# What this task involves
Your job is to retype all of the data word for word, leaving every image out.

# Data shown

-- Opening Marker --

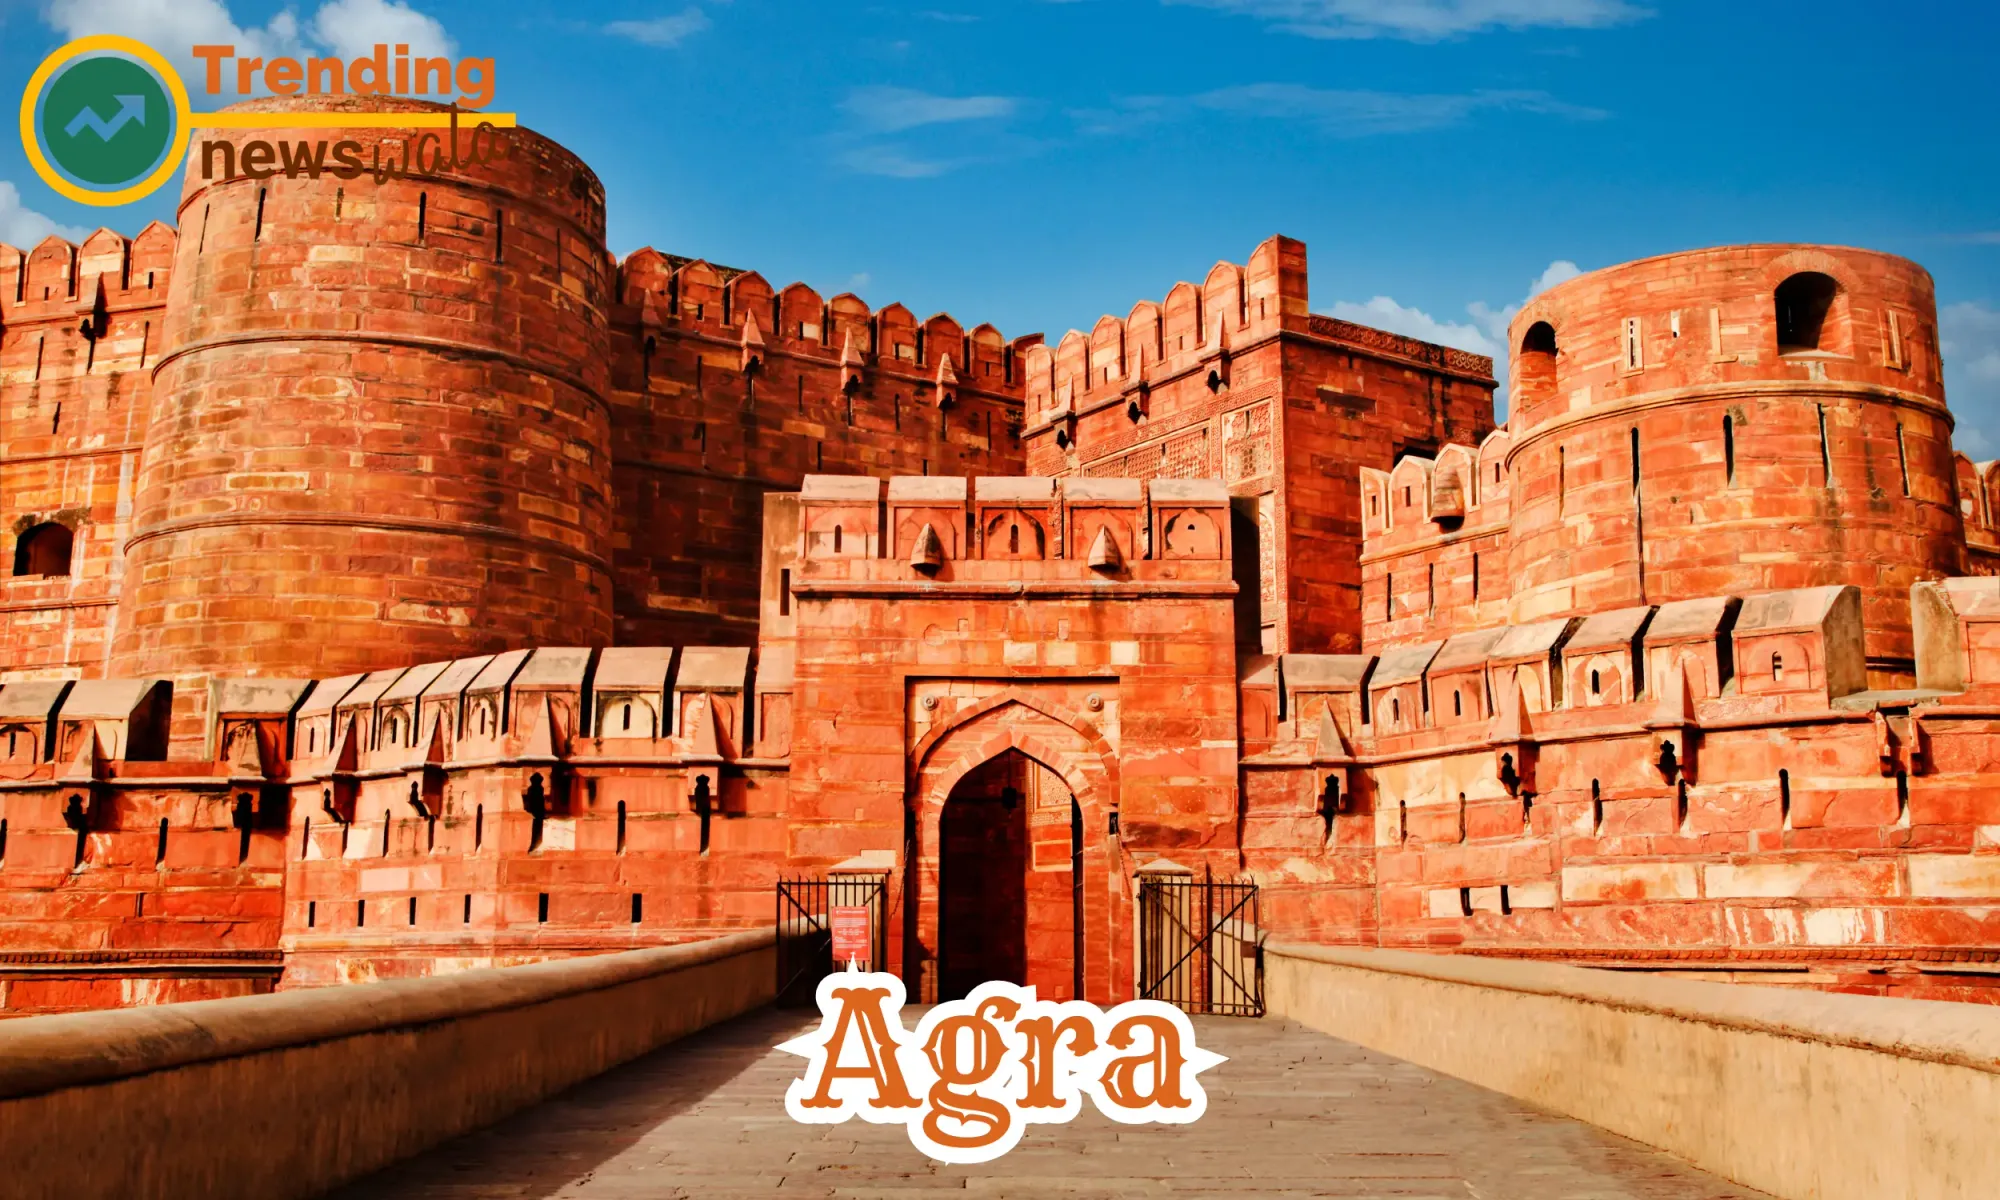 Agra, located in the northern Indian state of Uttar Pradesh
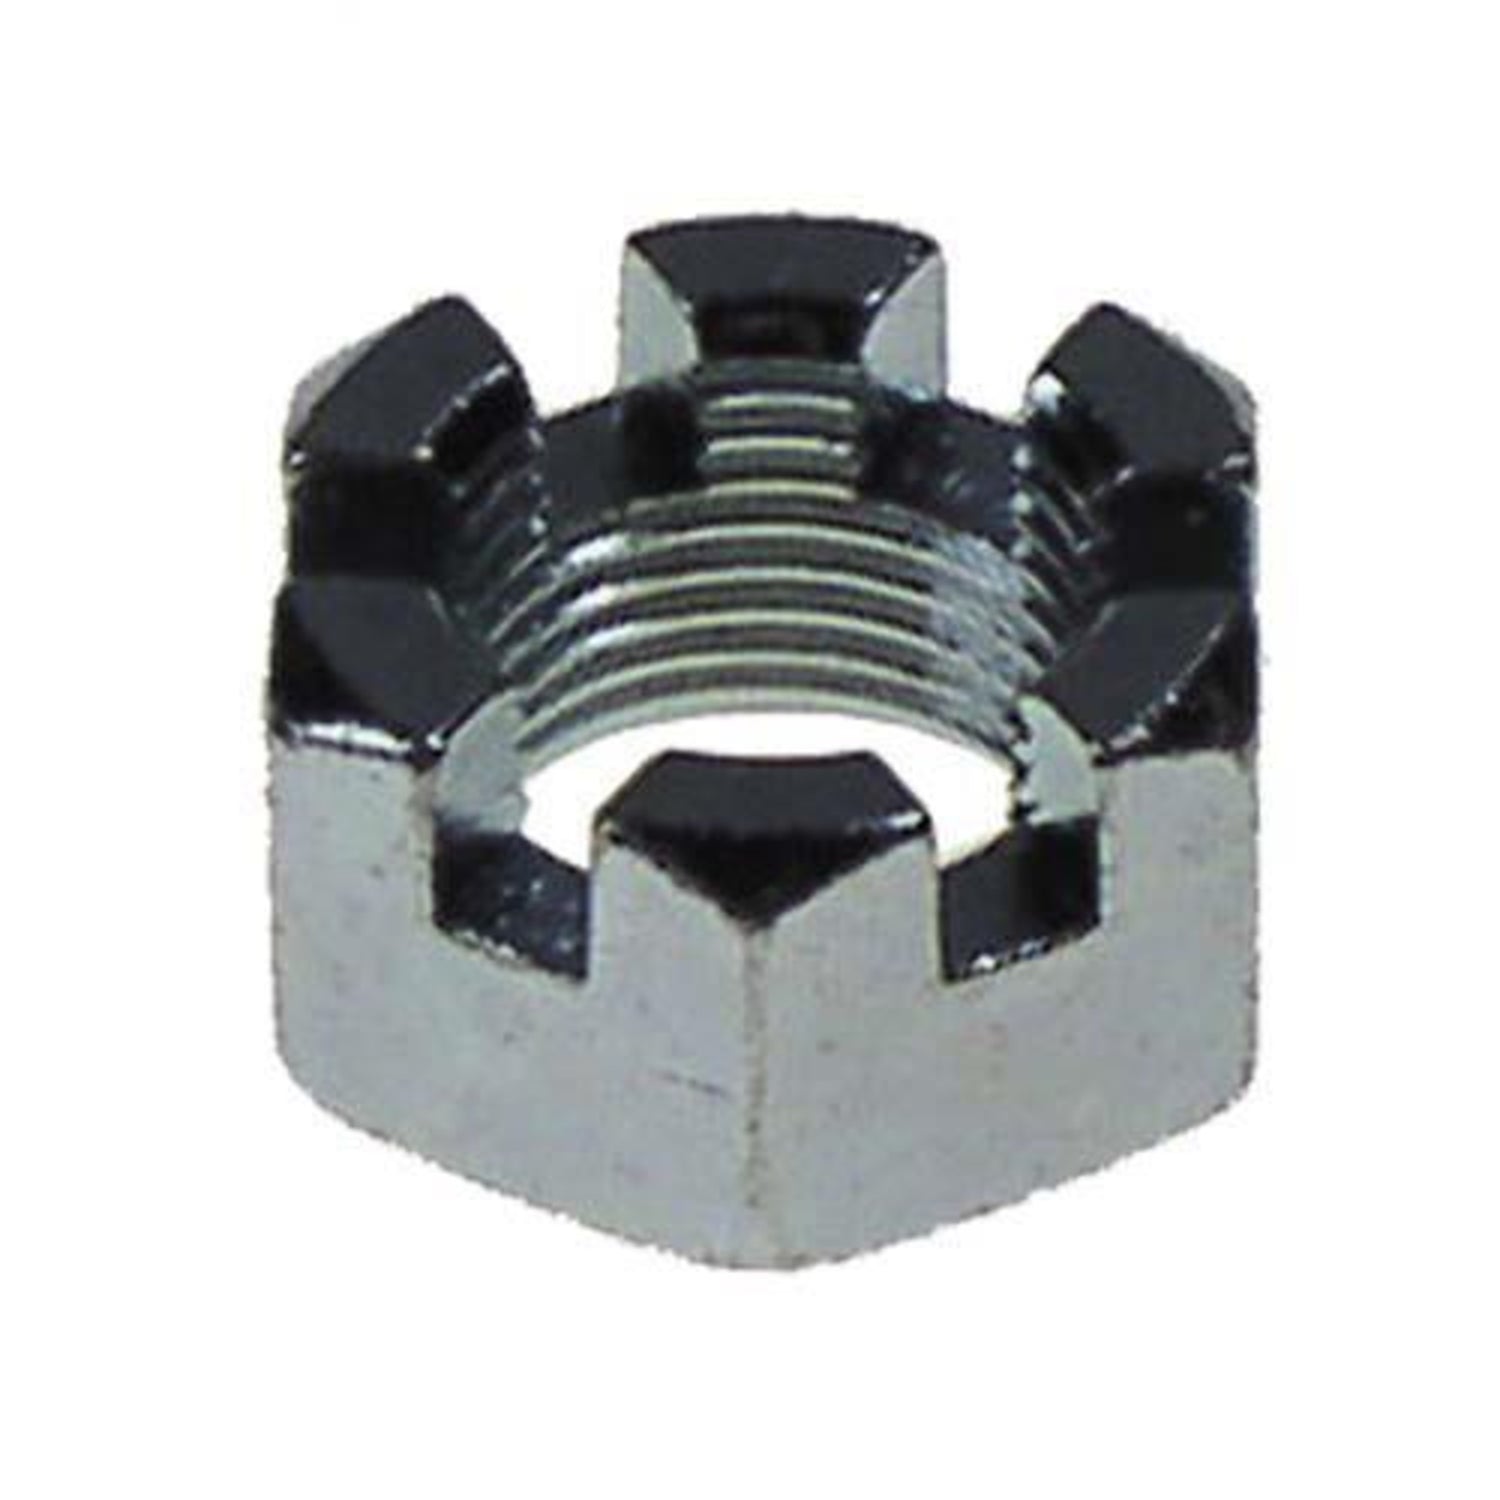 E-Z-GO Gas 4-Cycle Axle Nut (Years 1991-Up)
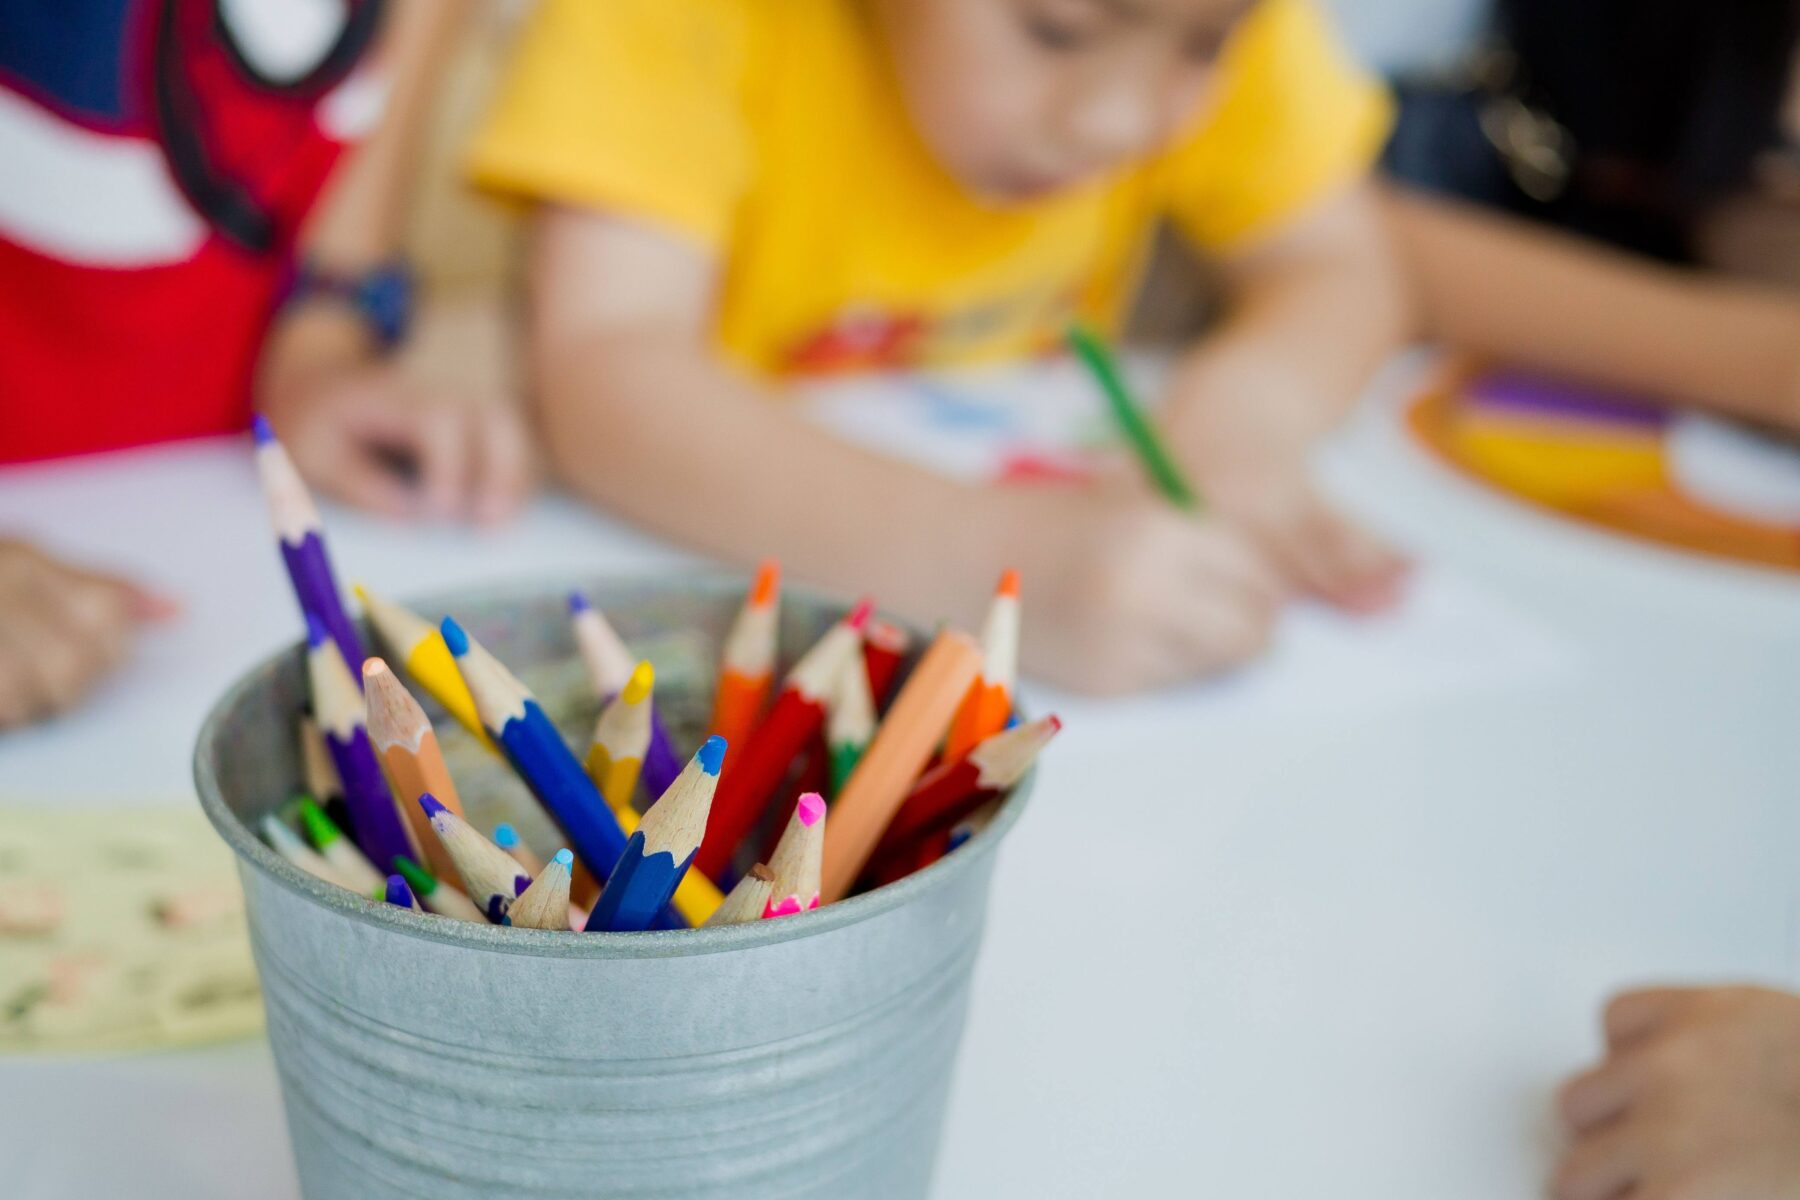 A Bucket of colored pencils sitting on a table, children coloring in the background

-- Closing Marker --

# Response below
 Agra, located in the northern Indian state of Uttar Pradesh
 E-Z-GO Gas 4-Cycle Axle Nut (Years 1991-Up)
 A Bucket of colored pencils sitting on a table, children coloring in the background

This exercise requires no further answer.